What to do
From the entries below, write out exactly the lines between the line holding "网狐畅游大联盟源码+部署教程视频-第4张" and the line holding "感嘆符ビタミン大声で【Bath&Body Works/バス&ボディワークス】 ルームフレグランス", inclusive, excluding any pictures.

Data for review
======
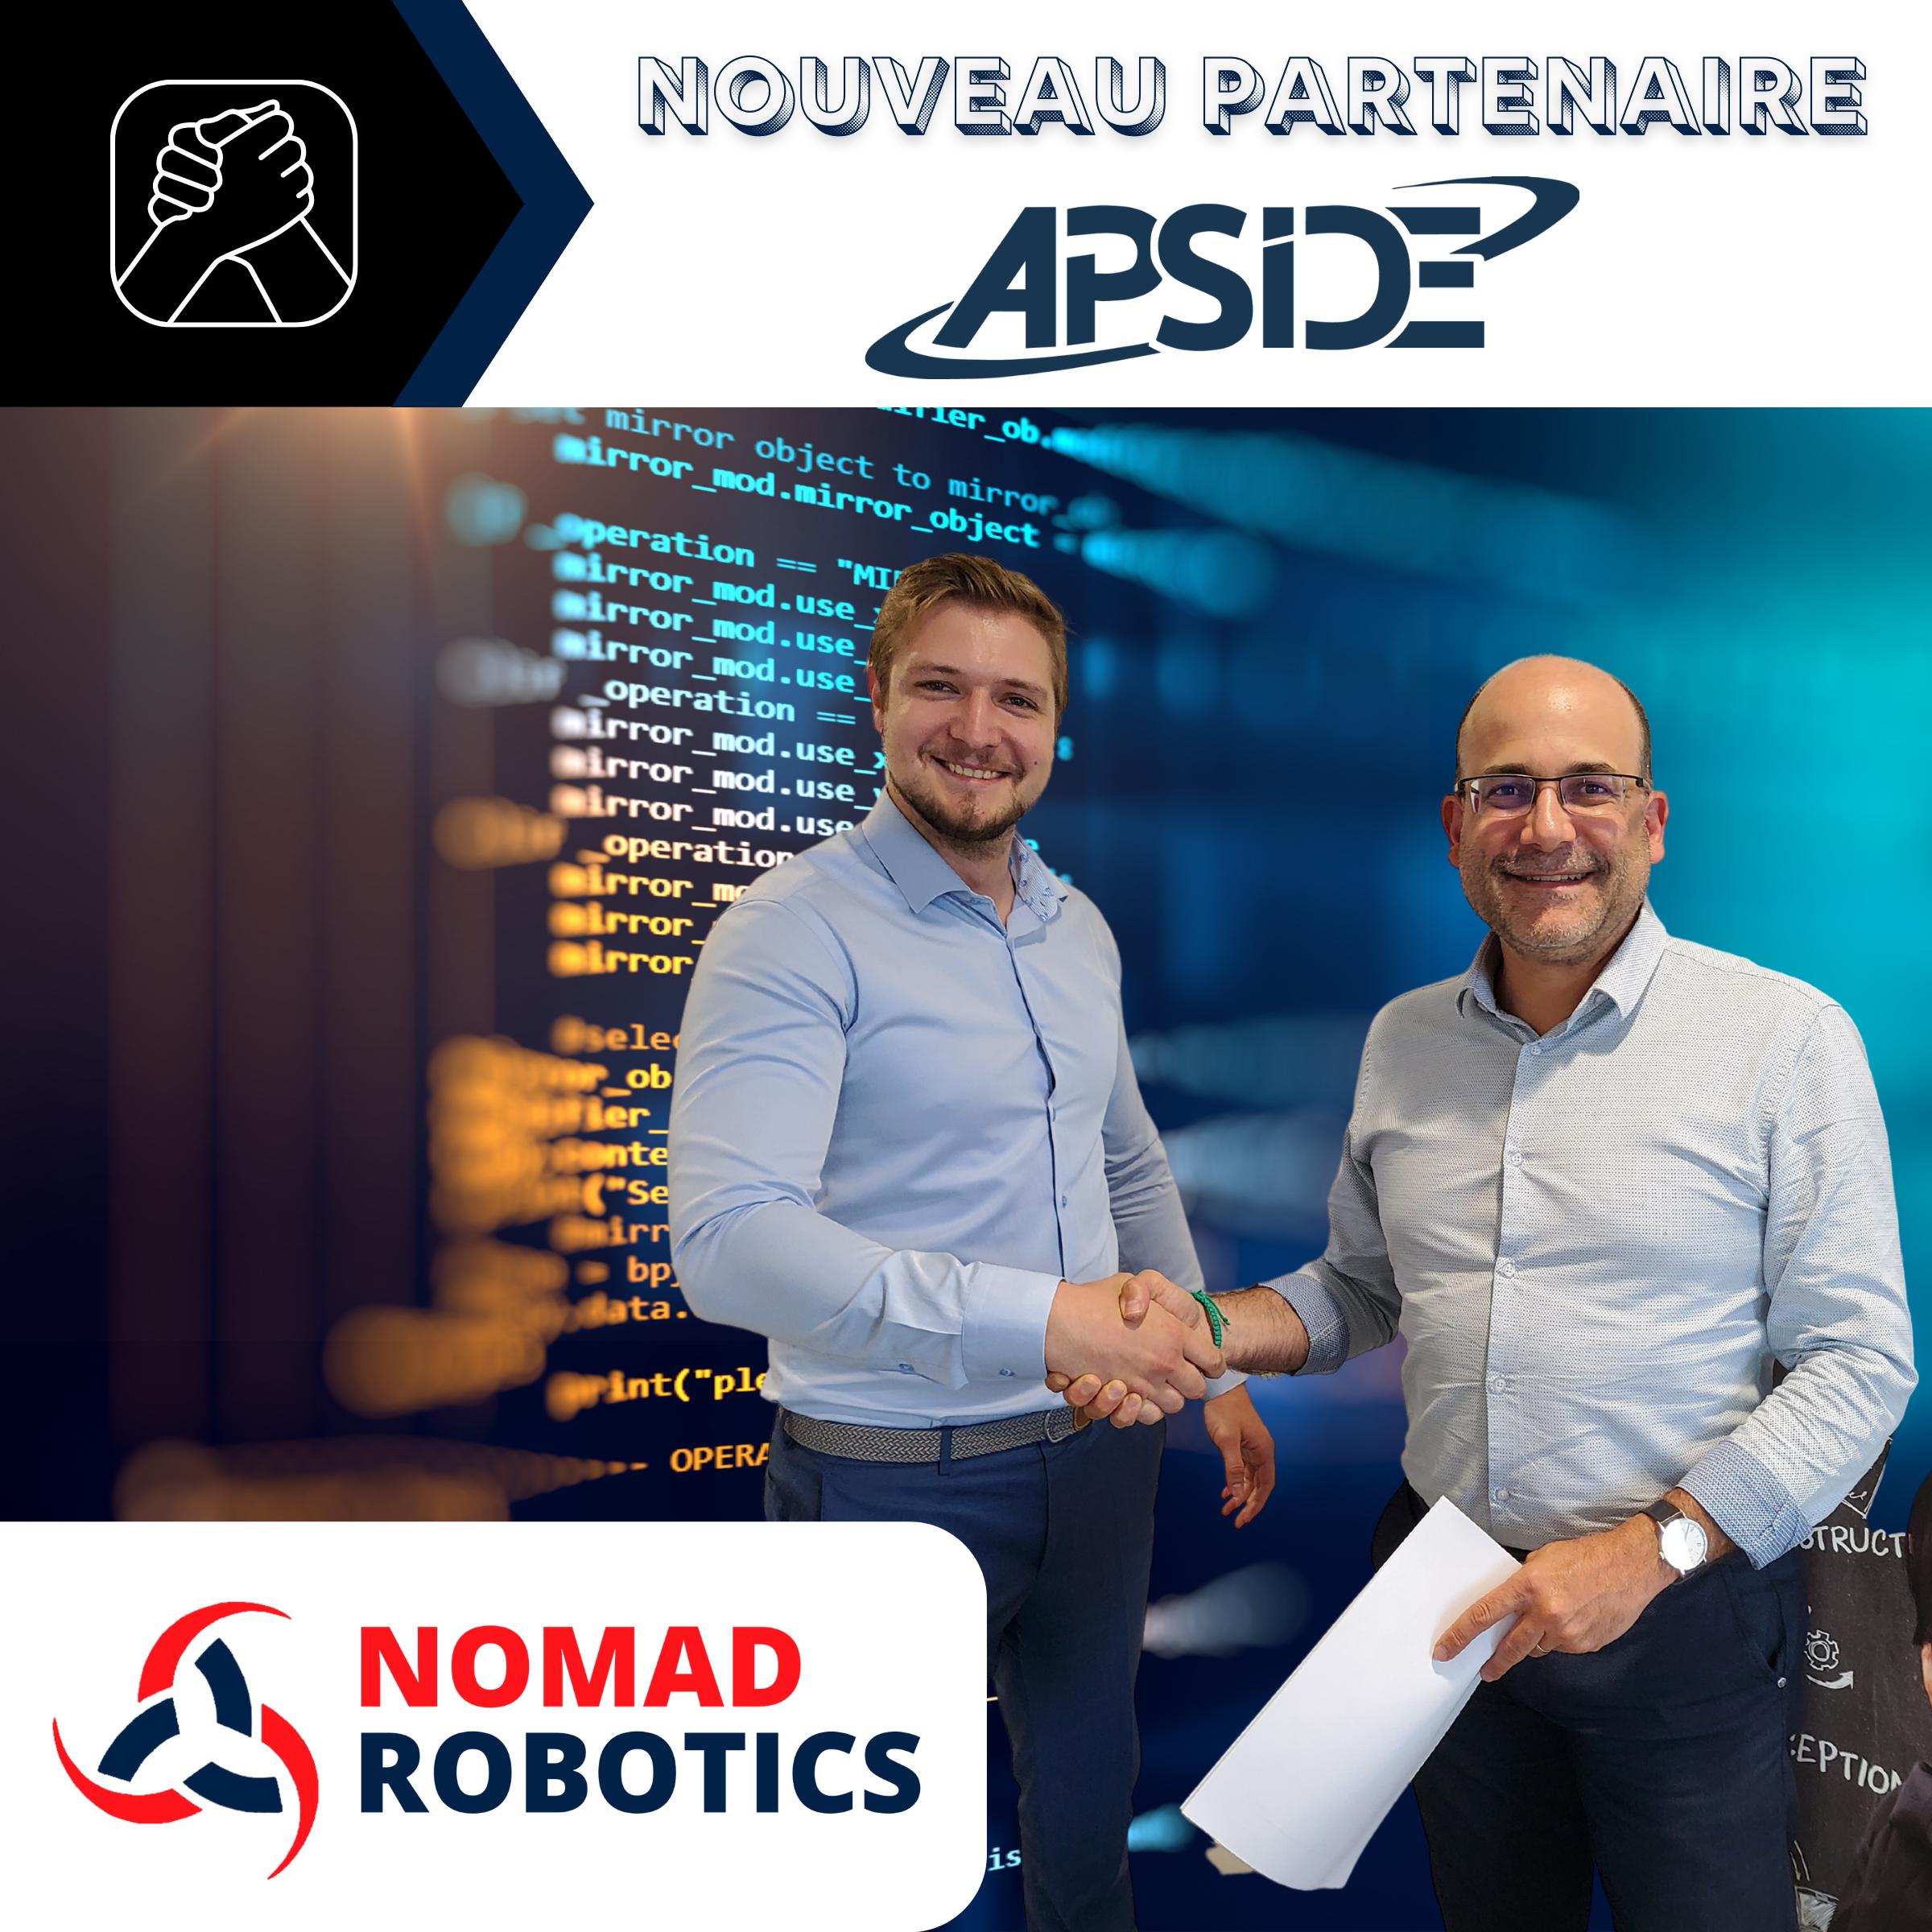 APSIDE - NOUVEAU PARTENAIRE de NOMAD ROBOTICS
======
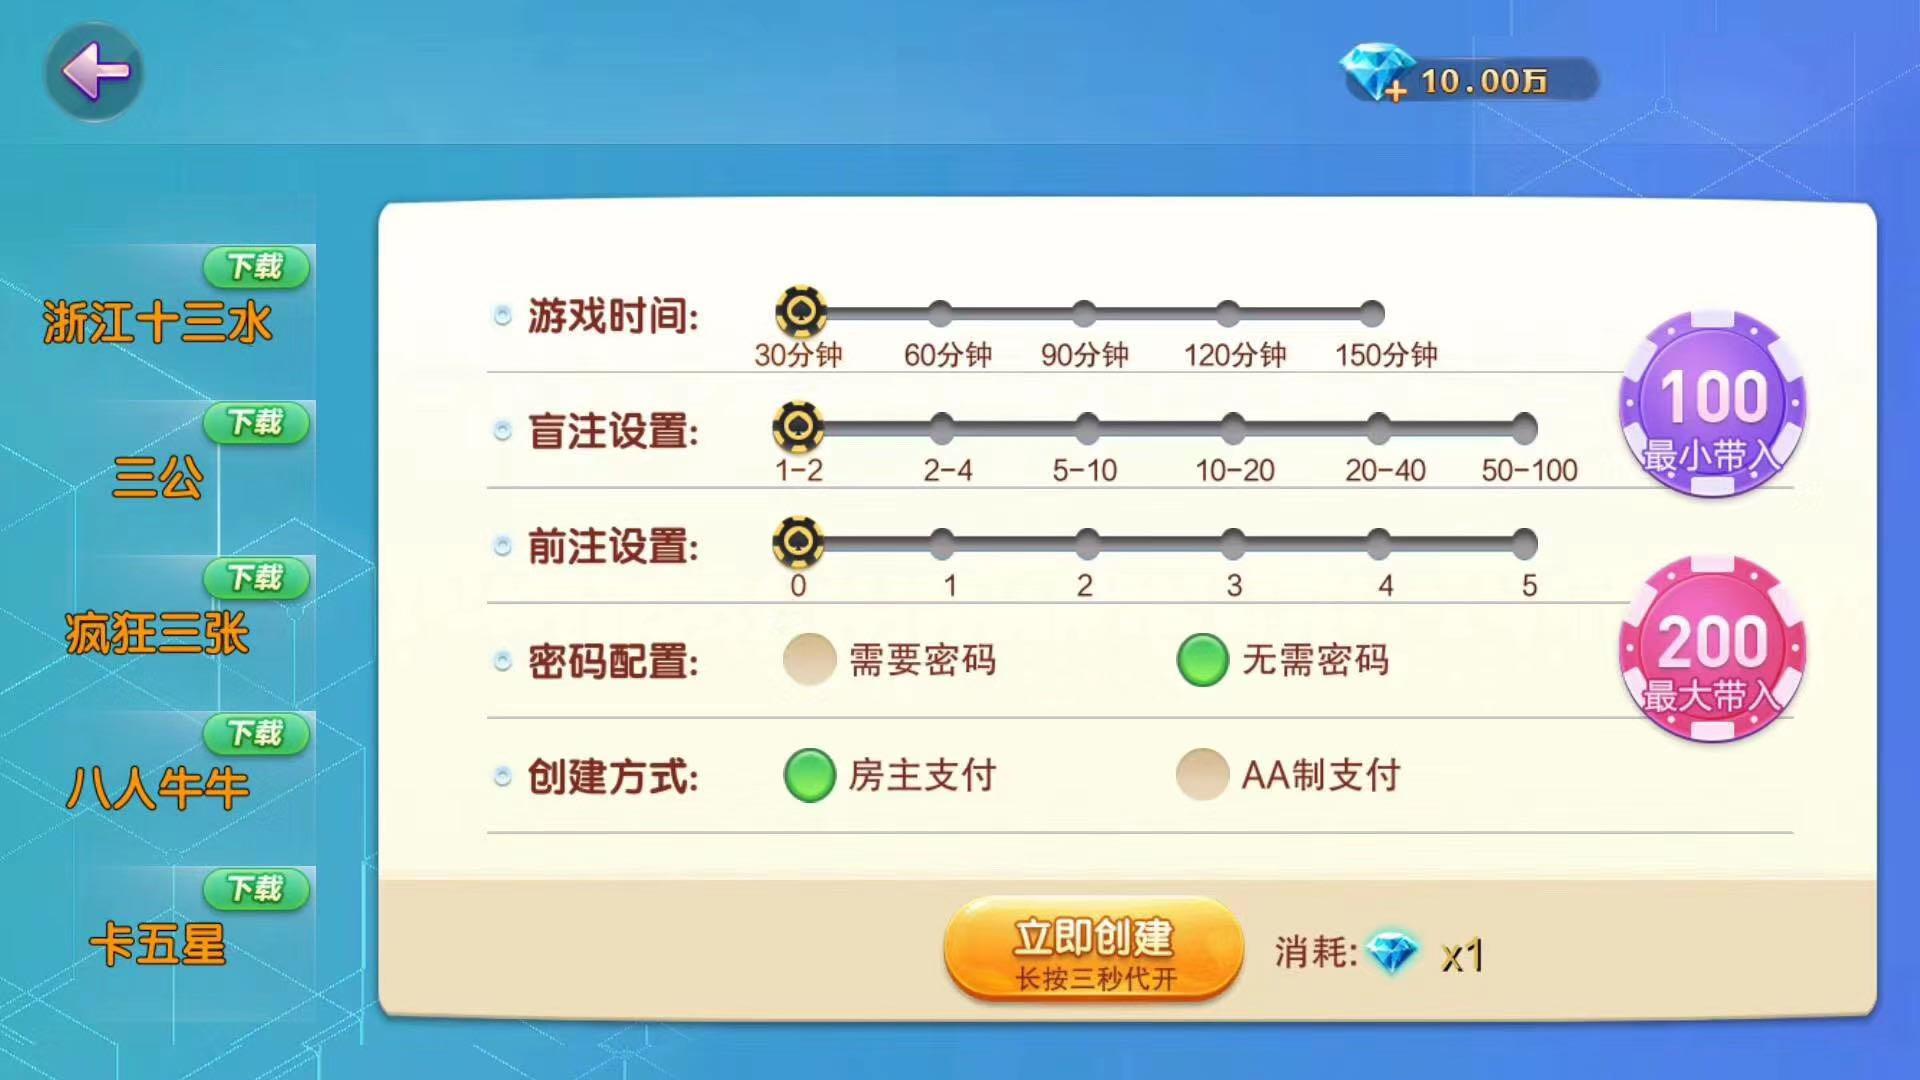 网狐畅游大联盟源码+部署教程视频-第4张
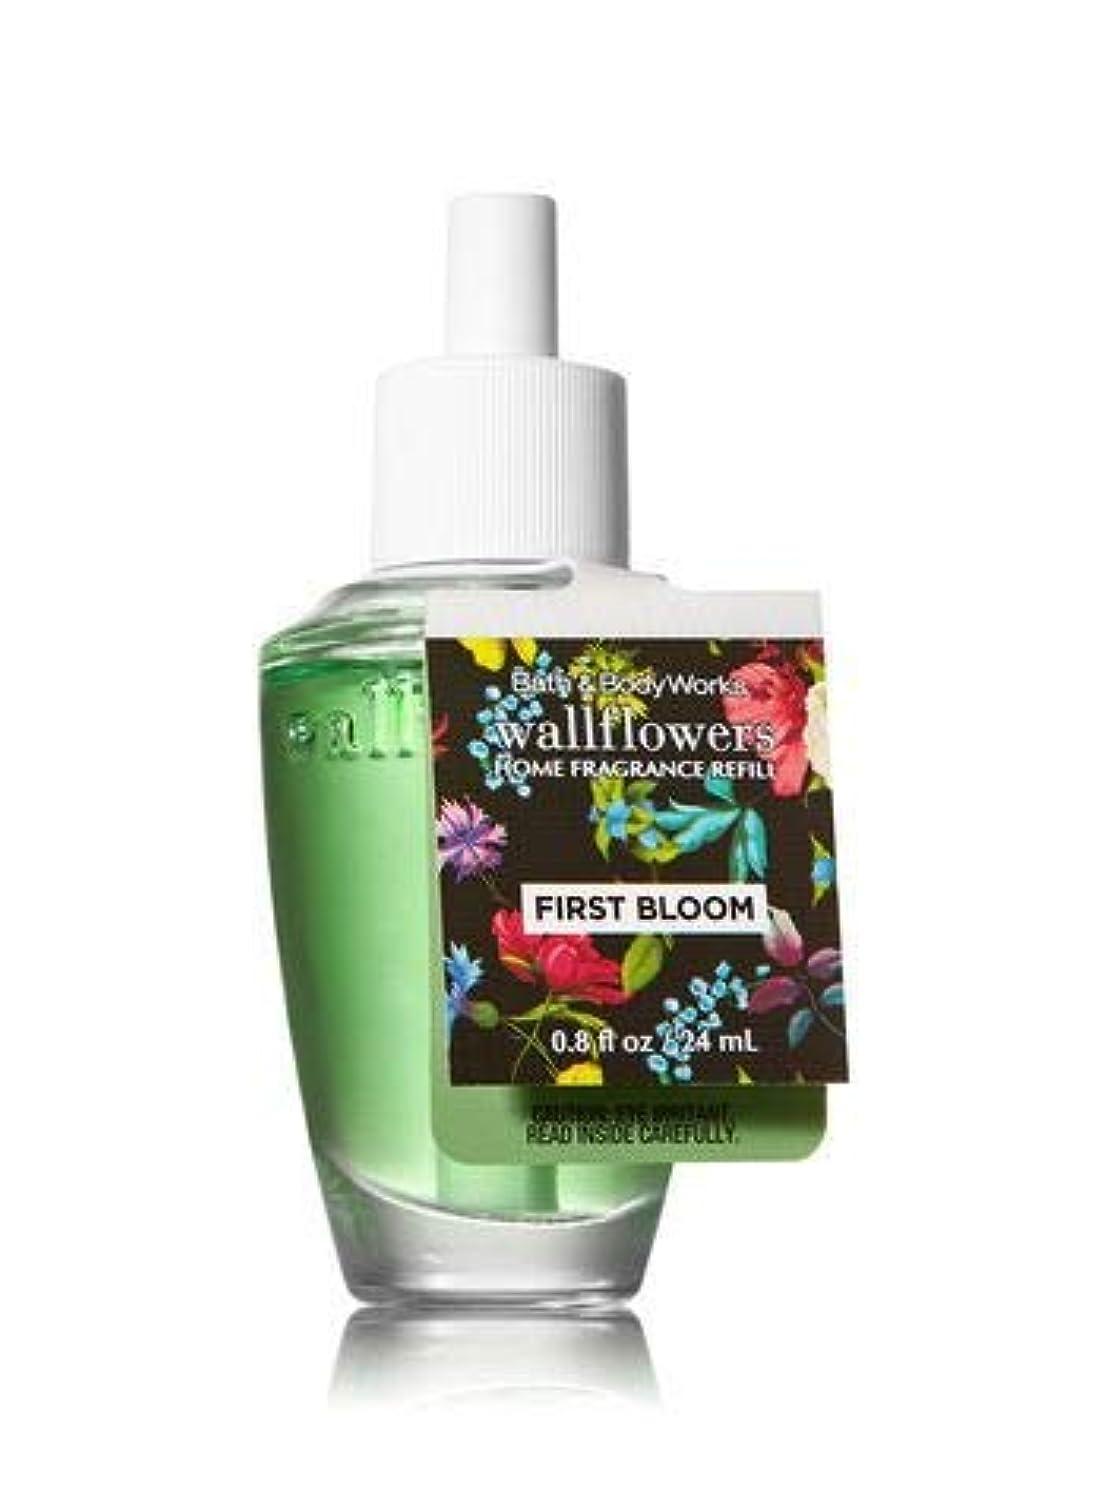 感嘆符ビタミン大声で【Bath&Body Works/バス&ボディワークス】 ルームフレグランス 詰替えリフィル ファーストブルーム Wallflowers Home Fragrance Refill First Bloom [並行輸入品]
======
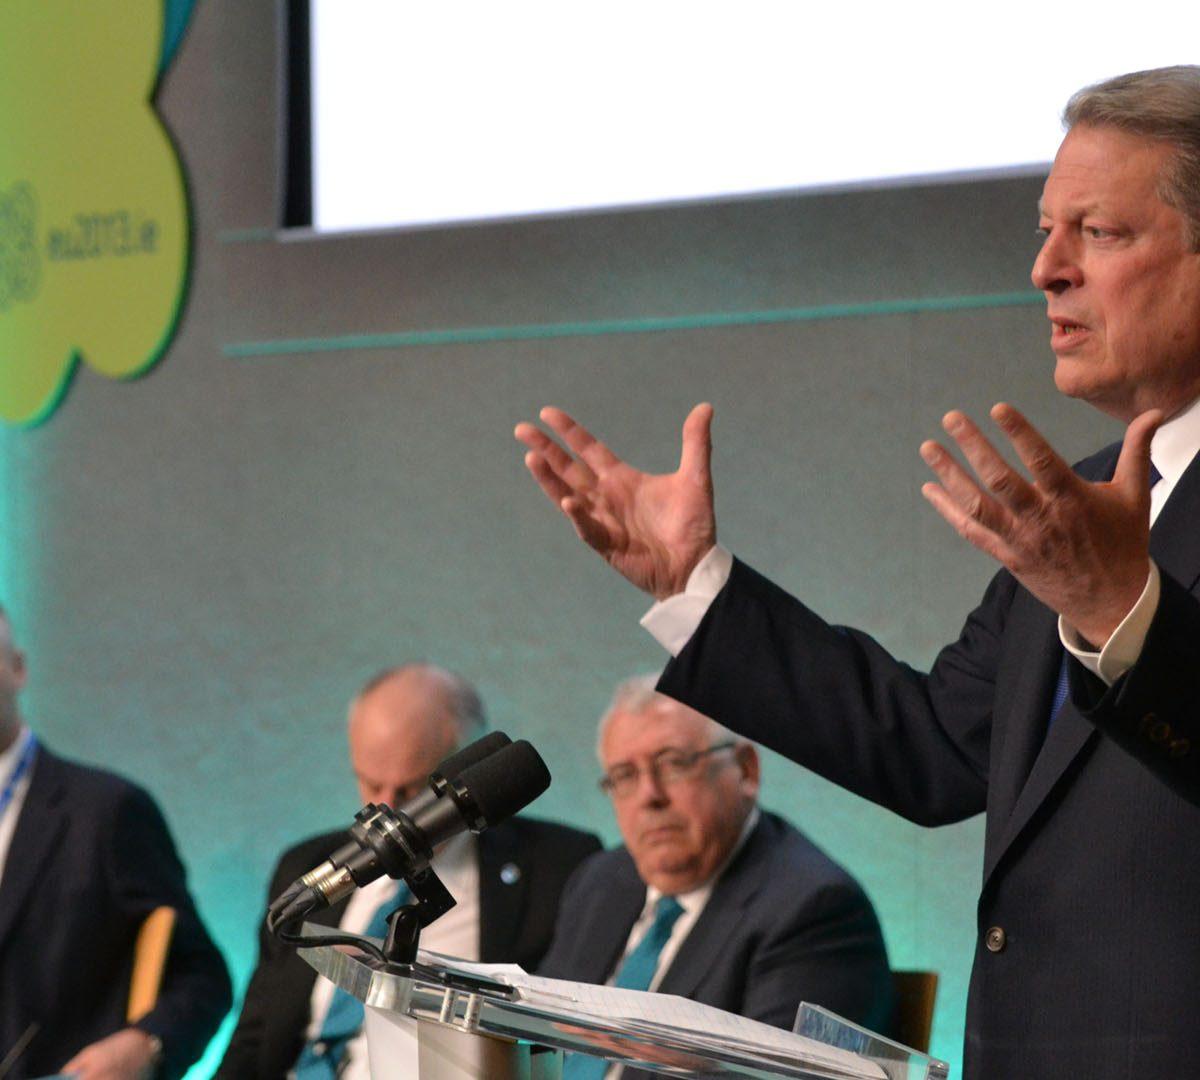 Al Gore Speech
======
Task response
 网狐畅游大联盟源码+部署教程视频-第4张
 感嘆符ビタミン大声で【Bath&Body Works/バス&ボディワークス】 ルームフレグランス 詰替えリフィル ファーストブルーム Wallflowers Home Fragrance Refill First Bloom [並行輸入品]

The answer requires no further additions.